Belgique

Bruxelles : mobilisation du secteur de l’accueil contre 1000 places d’hébergement supprimées

Les inquiétudes grandissent autour de la situation des sans-abri à Bruxelles, alors que les organisateurs alertent sur la réduction drastique des places d’hébergement. Actuellement, un quart des 4000 places disponibles a été supprimé, entraînant des conséquences alarmantes. En juillet, le Samusocial a refusé 244 des 299 demandes d’hébergement, ce qui représente un taux de refus de plus de 83,5 % par rapport au mois précédent. Parmi les familles concernées, 238 enfants, dont 65 bébés de moins de deux ans, se retrouvent sans solution. Parallèlement, BelRefugees fait état de 1555 personnes sur liste d’attente, tandis que le centre Amran, qui accueillait 66 mineurs non accompagnés, a fermé ses portes le 1er août, entraînant la perte d’une vingtaine d’emplois.
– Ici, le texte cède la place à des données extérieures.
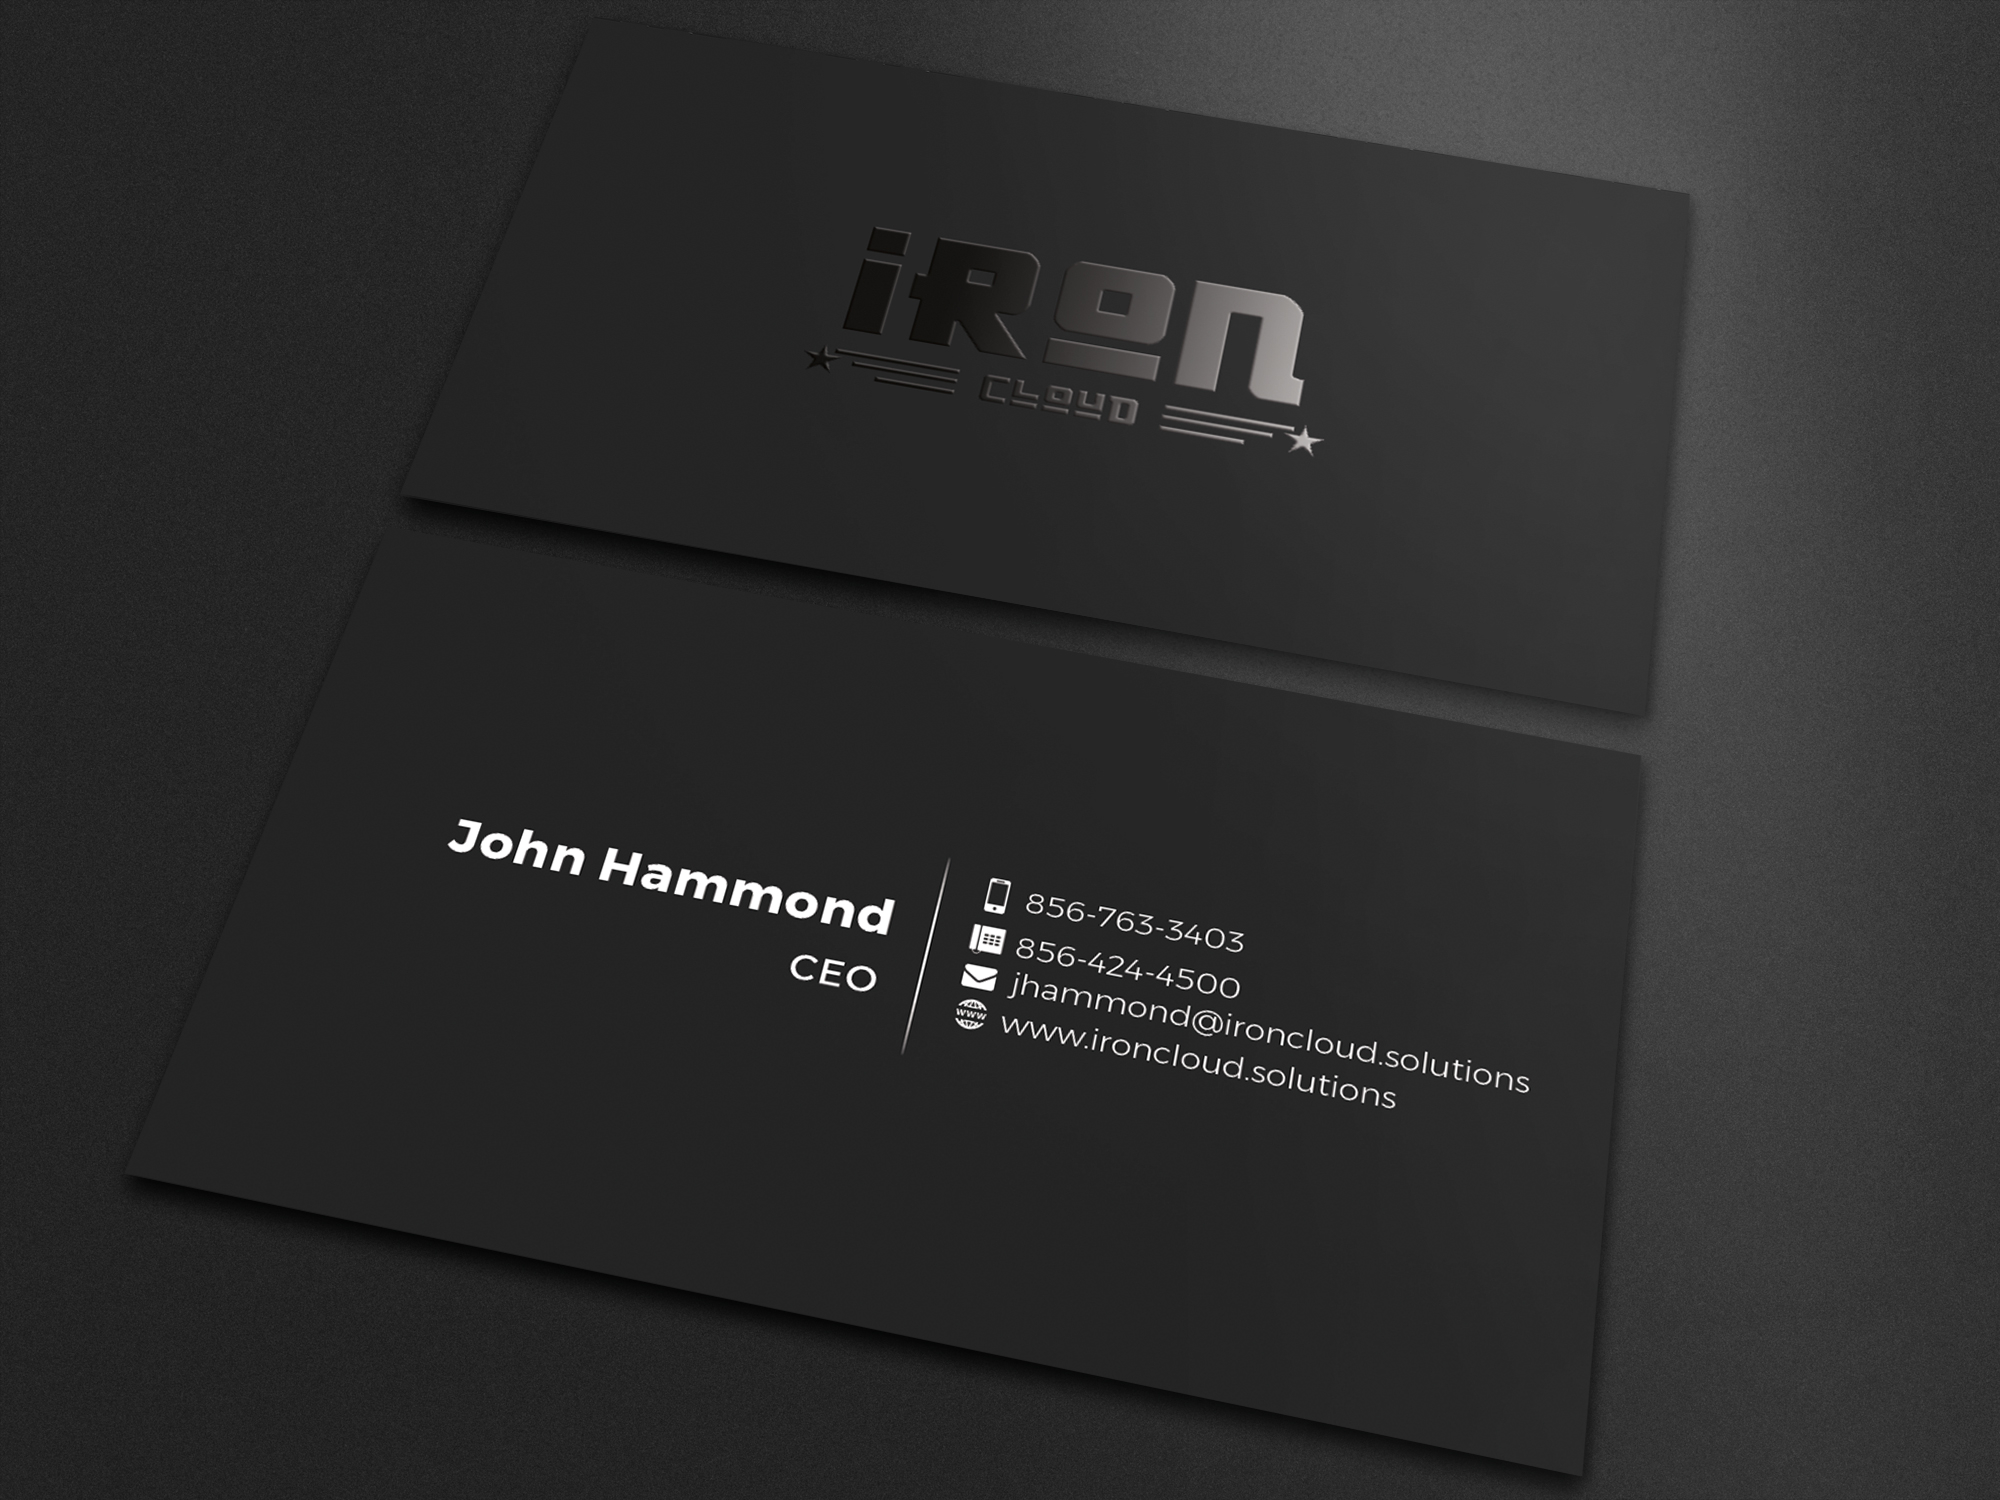 Spot UV Business Card

Au sein du Samusocial, on constate que 40 % des personnes actuellement refusées sont des familles avec des nourrissons. Si la situation perdure, il ne restera que 200 places pour les hommes isolés à partir du 1er octobre. L’AMA met en garde contre la suppression de 1000 places, qui pourrait menacer des centaines d’emplois dans le secteur.

Les craintes de licenciements et de recours à des plans de départ volontaires se font sentir. Les organisateurs redoutent également une pression accrue sur l’ensemble des services d’aide, incluant les services de rue, les maisons d’accueil, ainsi que les CPAS et les hôpitaux. Ils préviennent que les personnes sans solution pourraient se retrouver à passer plusieurs semaines dans la rue, dans les stations de métro ou dans les parcs. L’AMA qualifie cette réduction des capacités d’un « choix de société », tandis que Synova souligne la fragilisation d’un secteur déjà sous tension, affectant les missions d’accueil, d’écoute et d’accompagnement social.

Les organisations craignent également l’émergence de nouveaux campements de fortune. Elles demandent le maintien des places et des emplois, ainsi qu’un report des fermetures jusqu’au 31 mars, afin de traverser l’hiver et d’initier un dialogue réel avec les autorités. Elles estiment que fermer des capacités maintenant pourrait entraîner des coûts plus élevés si ces places devaient être rouvertes en pleine hiver.

En 2024, le nombre de personnes sans domicile à Bruxelles a atteint 9777, soit une augmentation de 25 % par rapport à 2022, avec environ 1000 personnes dormant effectivement dans la rue. Les organisateurs craignent que ce chiffre ne double si les fermetures se concrétisent. Un nouveau dénombrement est prévu pour le mois d’octobre.